University of Maryland Medical Center
Cirrhosis - Complications

http://www.umm.edu/patiented/articles/what_symptoms_of_cirrhosis_000075_4.htm

Complications:

A damaged liver affects almost every bodily process, including the functions of the digestive, hormonal, and circulatory systems. Decompensated cirrhosis increases the risk of serious and potentially life-threatening complications. (Once decompensation occurs, mortality rates without liver transplantation can be as high as 85% within 5 years.) The most serious complications are those associated with portal hypertension (increased pressure in the portal vein that carries blood from the intestine to the liver).

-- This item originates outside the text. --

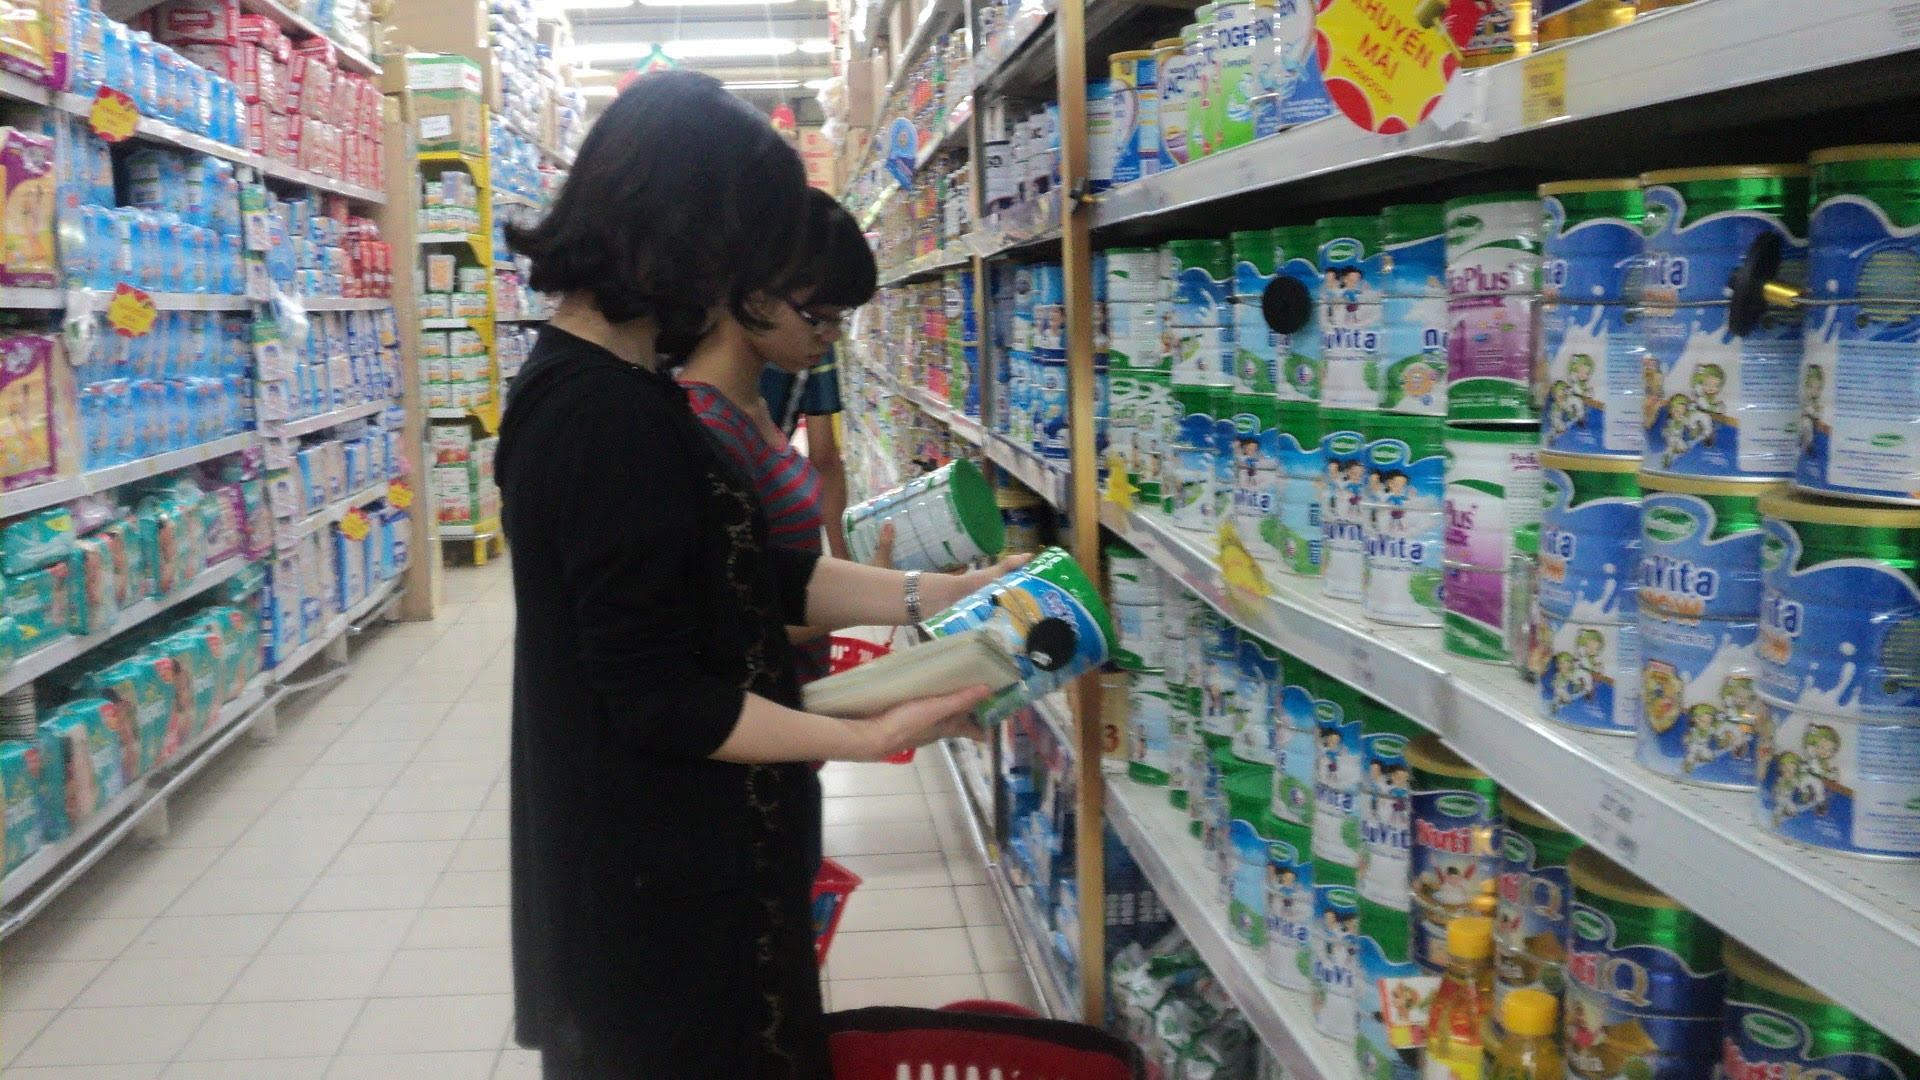 Sữa nhập khẩu vào Việt Nam đạt 11,8 tỷ USD, dự báo tăng 12% mỗi năm

They include:

Ascites (fluid buildup in the abdomen) which can lead to (SBP) Spontaneous Bacterial Peritonitis is a form of peritonitis (inflammation of the membrane that lines the abdomen), which is associated with ascites. Other bacterial infections are also a common complication of cirrhosis.

Other bacterial infections are also a common complication of cirrhosis.

Variceal hemorrhage (bleeding in the upper stomach and esophagus from ruptured blood vessels)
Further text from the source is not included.